==== Material for this task ====

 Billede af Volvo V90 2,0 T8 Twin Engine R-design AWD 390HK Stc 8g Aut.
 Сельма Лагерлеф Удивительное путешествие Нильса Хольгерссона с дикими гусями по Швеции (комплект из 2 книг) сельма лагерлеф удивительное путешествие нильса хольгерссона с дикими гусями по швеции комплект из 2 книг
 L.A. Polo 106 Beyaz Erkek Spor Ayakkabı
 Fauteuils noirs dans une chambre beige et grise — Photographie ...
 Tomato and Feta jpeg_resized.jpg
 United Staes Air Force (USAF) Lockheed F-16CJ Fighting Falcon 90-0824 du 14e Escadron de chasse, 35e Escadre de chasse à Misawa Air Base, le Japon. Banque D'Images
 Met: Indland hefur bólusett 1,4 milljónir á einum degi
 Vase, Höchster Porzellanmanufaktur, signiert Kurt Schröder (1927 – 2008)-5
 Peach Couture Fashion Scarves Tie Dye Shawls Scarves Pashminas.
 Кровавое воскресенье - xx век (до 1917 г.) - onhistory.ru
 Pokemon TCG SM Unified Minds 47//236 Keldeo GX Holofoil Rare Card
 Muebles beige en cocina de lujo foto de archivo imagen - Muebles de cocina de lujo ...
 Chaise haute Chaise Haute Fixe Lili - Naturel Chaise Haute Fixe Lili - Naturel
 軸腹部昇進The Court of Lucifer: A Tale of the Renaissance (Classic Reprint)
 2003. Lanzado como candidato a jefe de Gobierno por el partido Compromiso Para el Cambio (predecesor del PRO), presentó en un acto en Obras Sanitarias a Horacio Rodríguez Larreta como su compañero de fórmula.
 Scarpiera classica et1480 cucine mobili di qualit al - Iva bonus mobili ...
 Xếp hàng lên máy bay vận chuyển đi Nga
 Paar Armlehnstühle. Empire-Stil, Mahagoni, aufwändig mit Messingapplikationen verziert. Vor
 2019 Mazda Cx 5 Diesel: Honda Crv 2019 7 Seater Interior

====

Exercise requirements: Reproduce, with no other lines, the run of lines that begins with the one containing "Paar Armlehnstühle. Empire-Stil, Mahagoni, aufwändig" and ends with the last line of the material.

Answer box:
 Paar Armlehnstühle. Empire-Stil, Mahagoni, aufwändig mit Messingapplikationen verziert. Vor
 2019 Mazda Cx 5 Diesel: Honda Crv 2019 7 Seater Interior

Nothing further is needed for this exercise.